In a separate post from 2007 about adoption, Ms Leadsom suggested a ‘points-based’ adoption system that gives preference to “a married man and woman as potential adopters”.
She wrote: “There may be a statistically strong case for preferring a married man and woman as potential adopters, and I would be in favour of a ‘points’ system for potential adopters, that took into account the statistical success rate of their particular profile (e.g. married, divorced, single, gay etc).”
She has also faced questions over her links to an evangelical project in Uganda which advocates gay ‘cures’.
Ms Leadsom emerged during the EU referendum campaign as a leading voice in the Brexit camp – and was a surprise contender in the Conservative Party leadership battle last year.
A new MP in 2010, Ms Leadsom entered Parliament after the bulk of LGBT rights legislation had already been passed.
She ‘positively abstained’ on equal marriage in 2013, voting both in favour and against citing the views of her constituents.

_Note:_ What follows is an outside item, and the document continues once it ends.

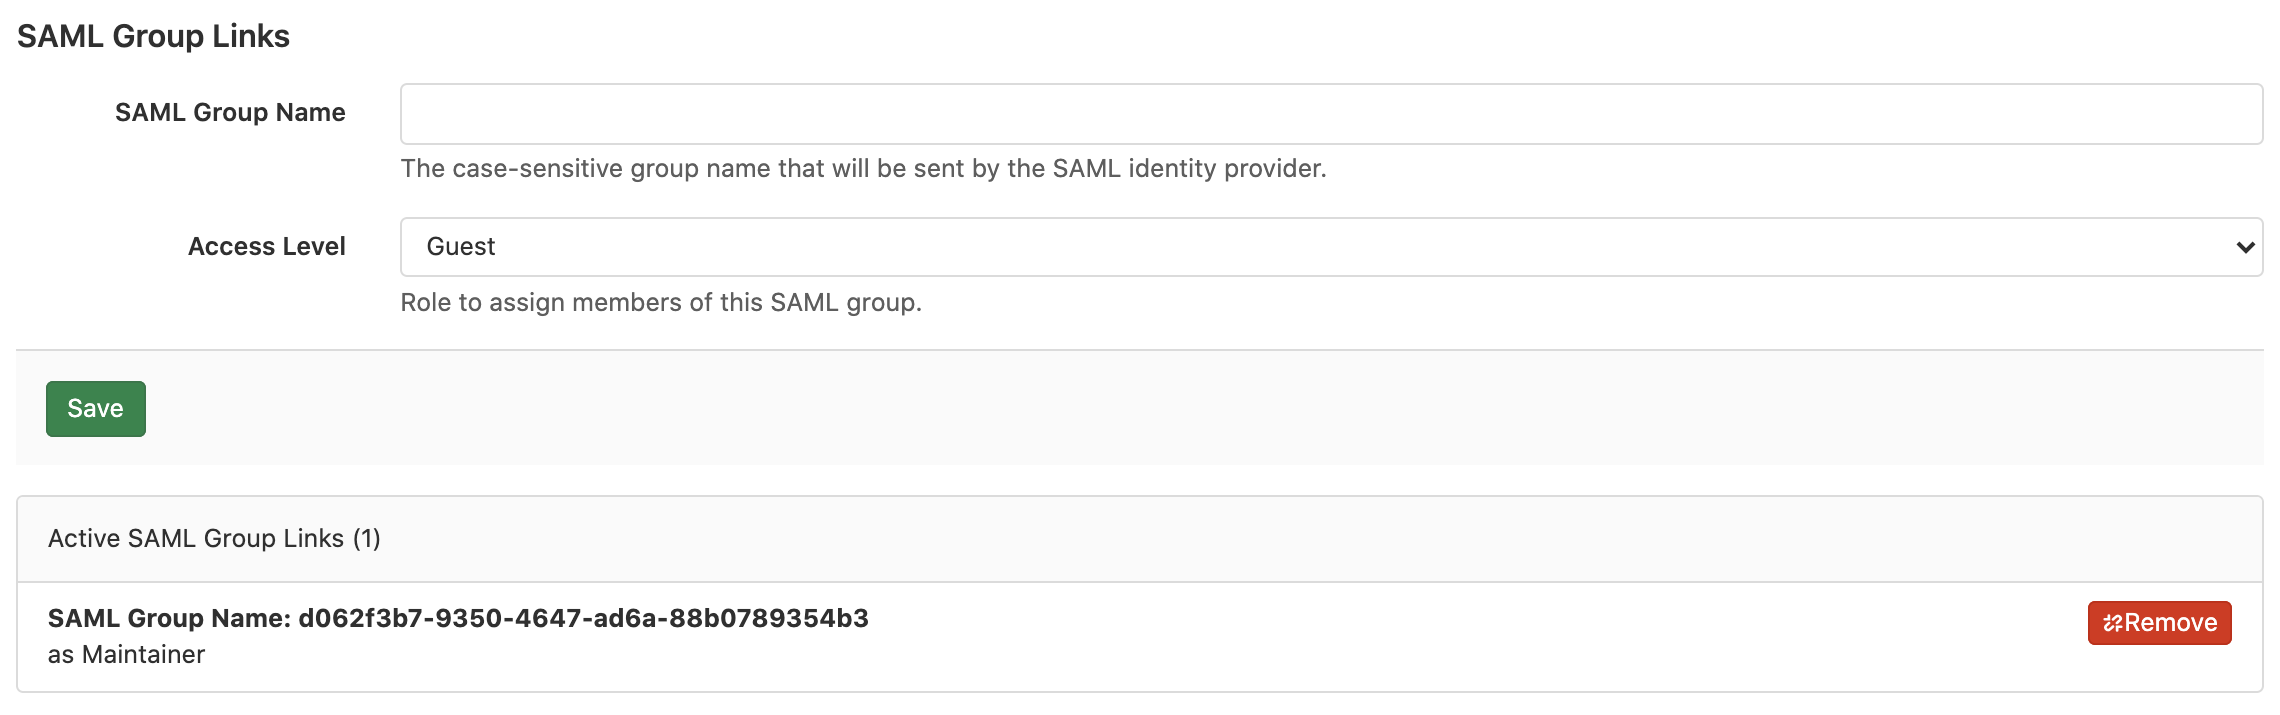 SAML Group Sync for GitLab.com

Ms Leadsom explained to PinkNews in 2013 that she would vote yes to equal marriage to show her support for gay rights, but at the same time she would vote no because she found elements of the law “unacceptable”.
She said: “Having looked carefully at the Government’s consultation and considering the opinion of my constituents I find myself genuinely torn on the debate – I cannot vote against a measure that would mean so much to the minority of homosexual couples for whom marriage is the ultimate recognition for their genuine feelings for each other.
“Yet nor can I vote for a measure that risks centuries of faith based belief in marriage as between a man and a woman, that will upset so many of my constituents and which has not yet won public support.”
Explaining her plans to vote both ways, she said: “This is to reflect my support for the genuine love and commitment of same sex partners, but also to register my protest at the unacceptability of the timing and wording of this legislation, as well as to represent the concerns of so many of my constituents who feel very deeply that this proposal is simply wrong.”